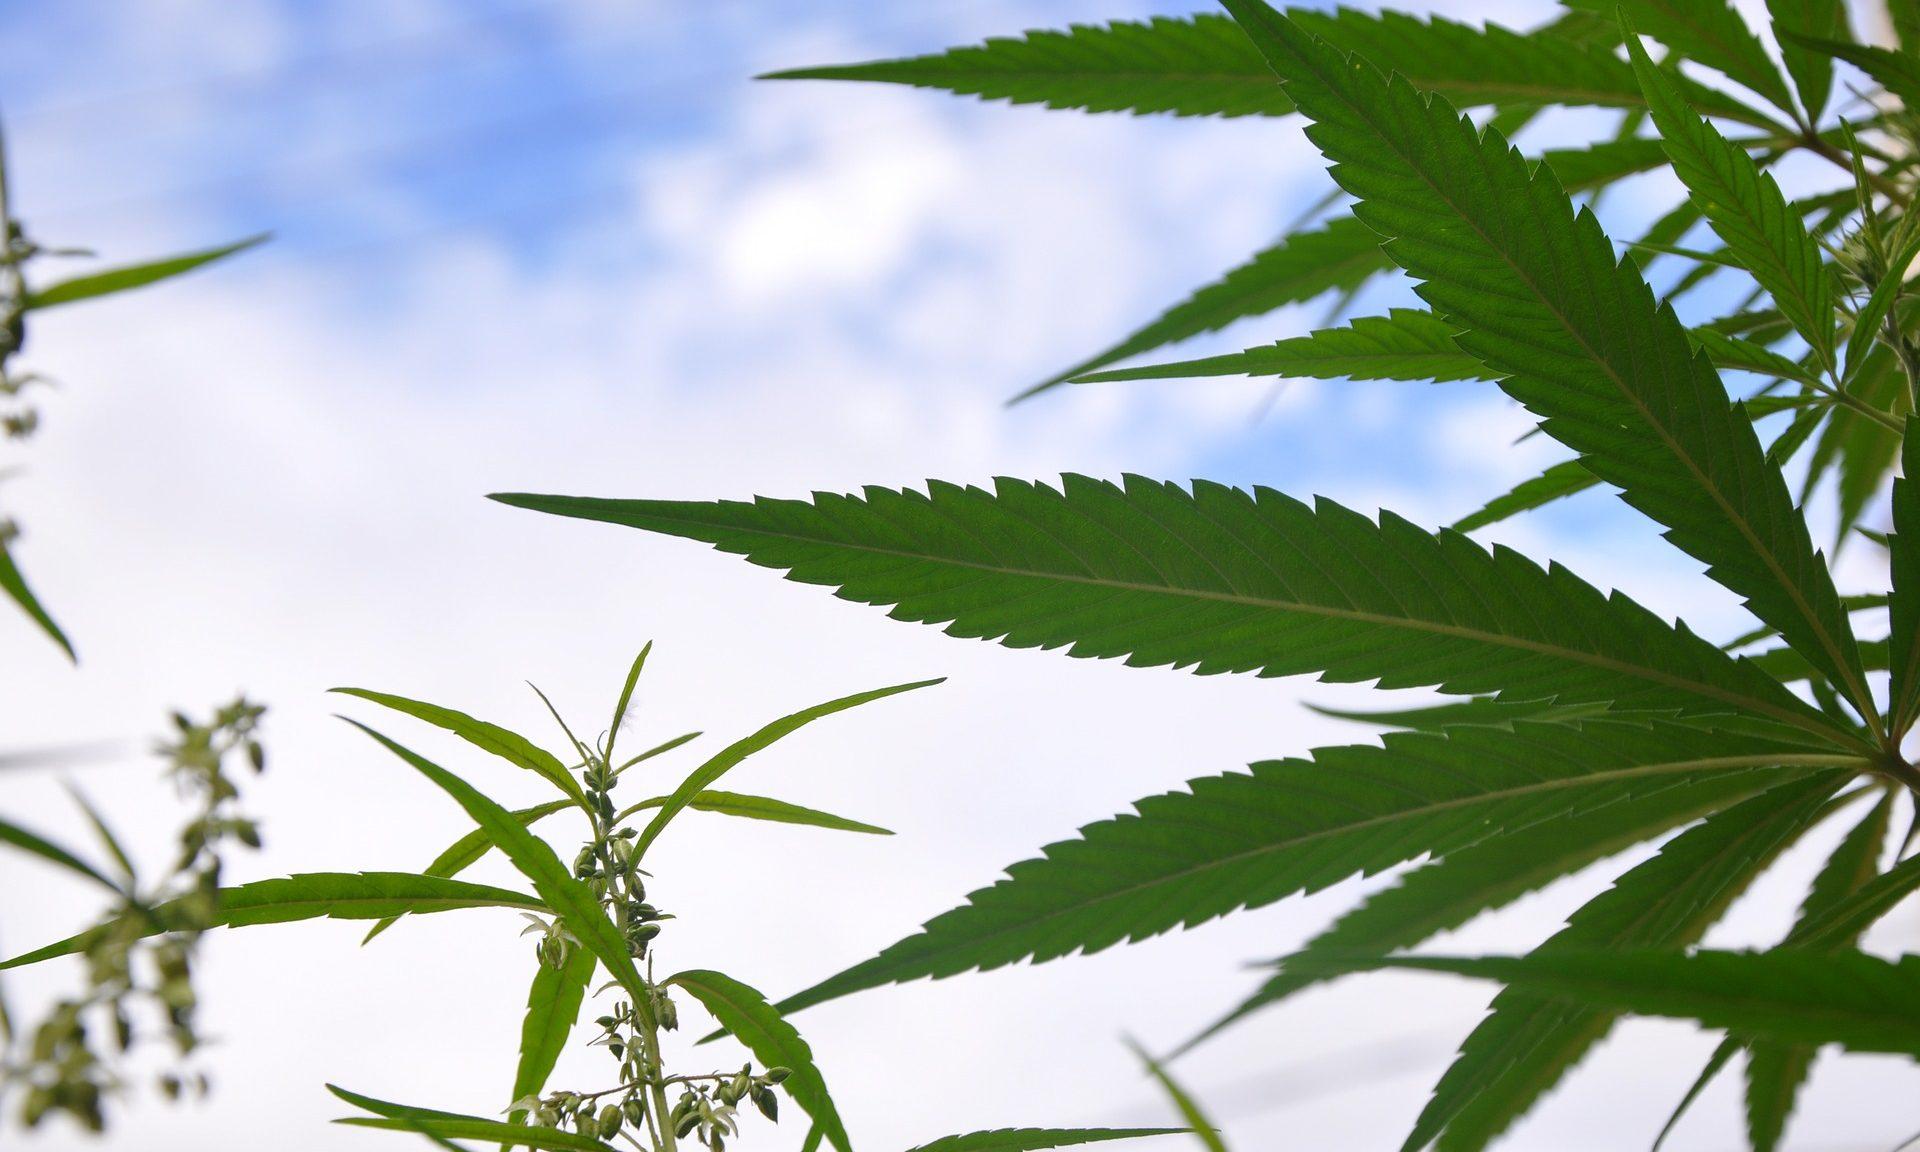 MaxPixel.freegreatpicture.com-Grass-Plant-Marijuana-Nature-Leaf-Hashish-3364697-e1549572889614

━━━━━━━━━━━━━━━━

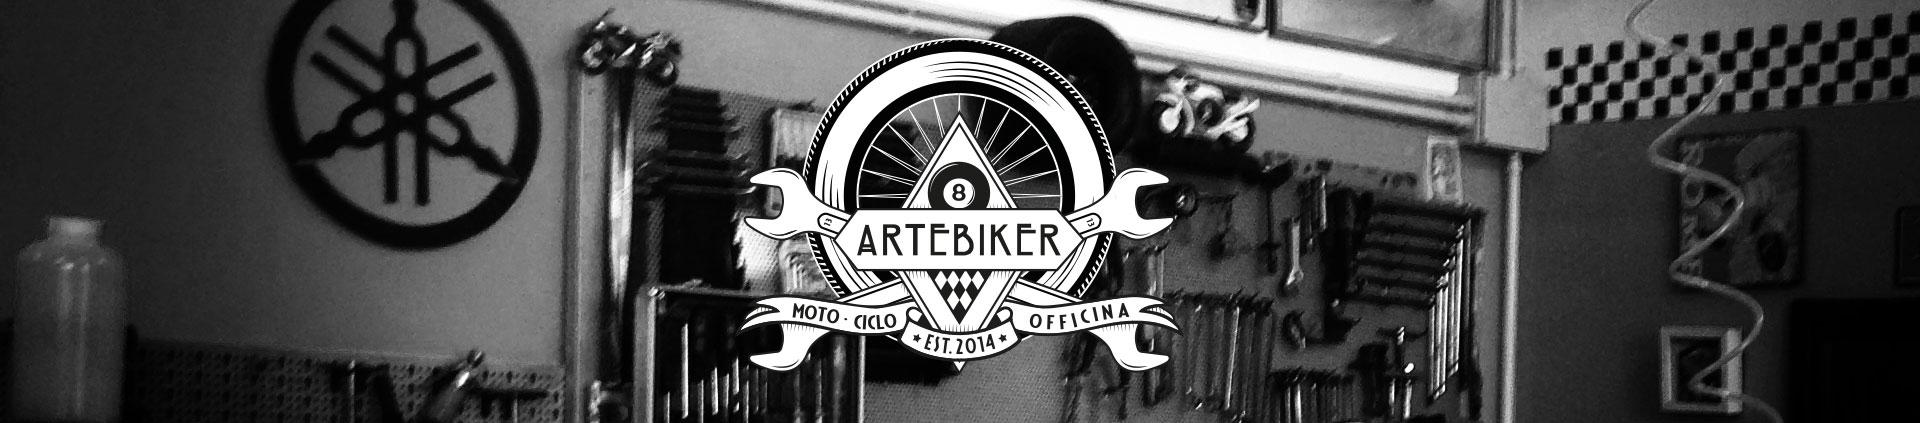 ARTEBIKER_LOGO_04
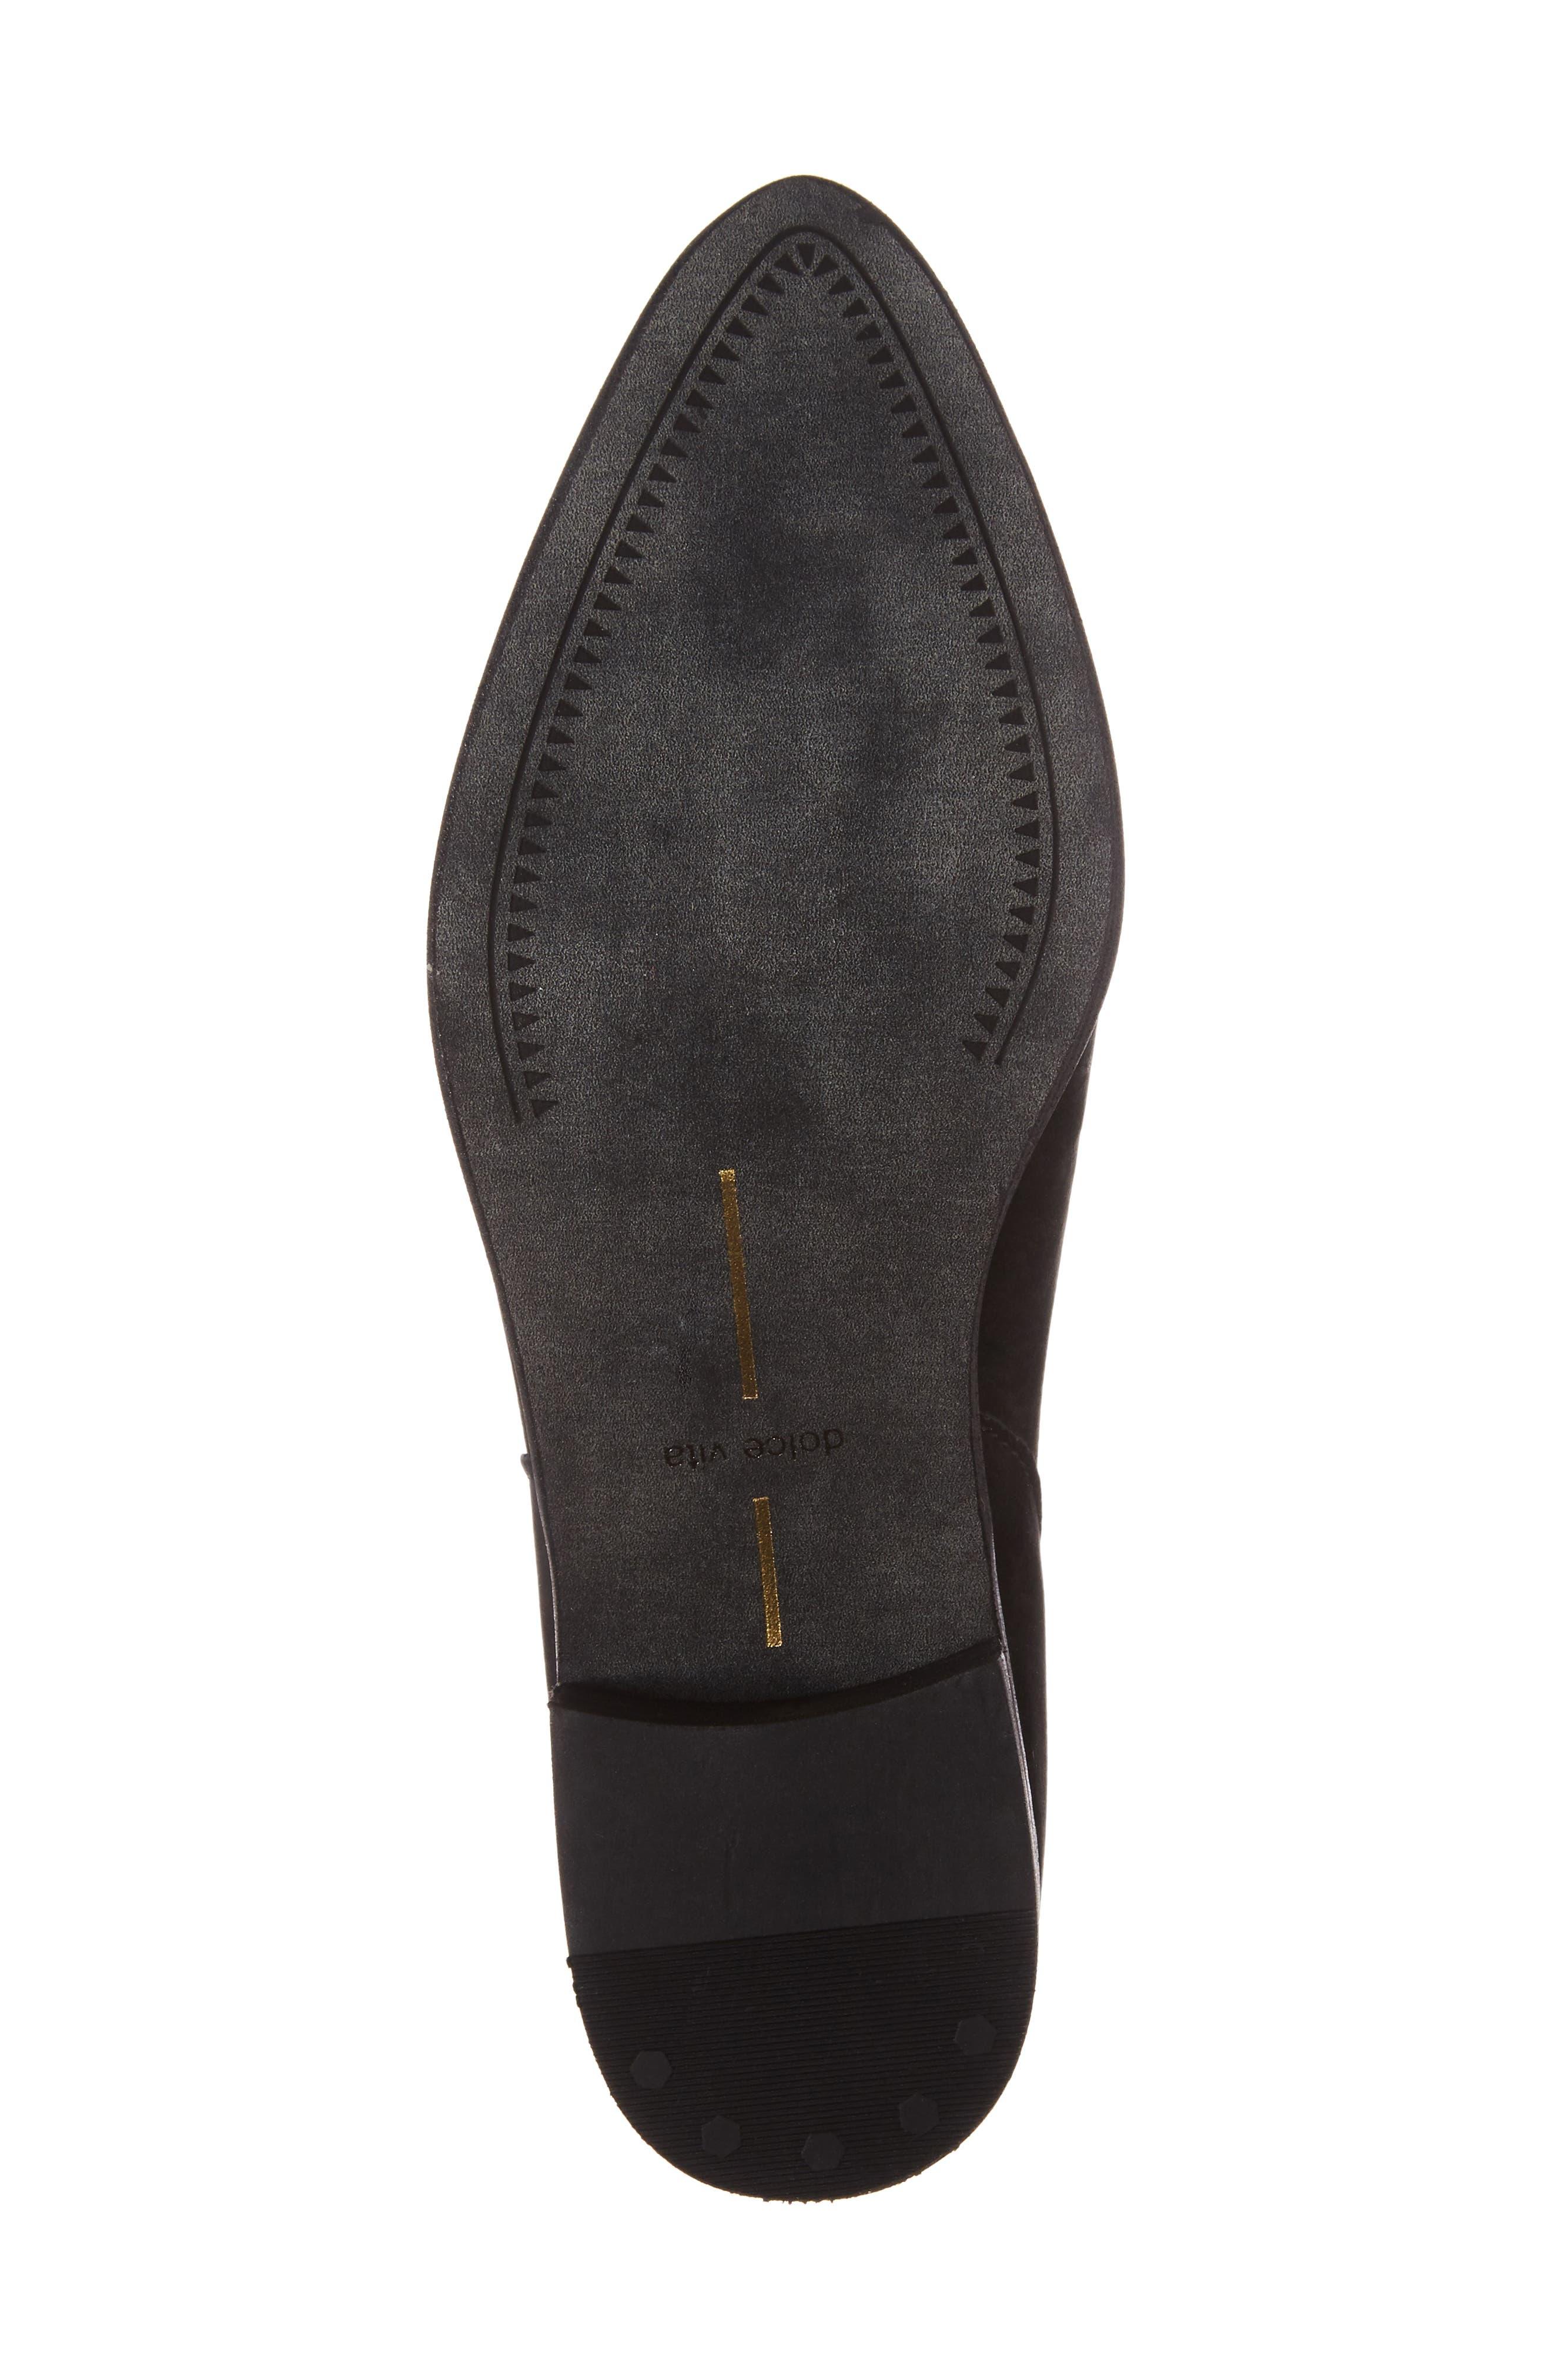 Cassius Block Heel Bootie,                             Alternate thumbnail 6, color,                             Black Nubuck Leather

━━━━━━━━━━━━━━━━

■ **Work to be completed**
Reproduce the listing above from the line that holds "ARTEBIKER_LOGO_04" through the line that holds "Cassius Block Heel", both included, with the pictures left out.

■ **Answer for the task**
 ARTEBIKER_LOGO_04
 Cassius Block Heel Bootie,                             Alternate thumbnail 6, color,                             Black Nubuck Leather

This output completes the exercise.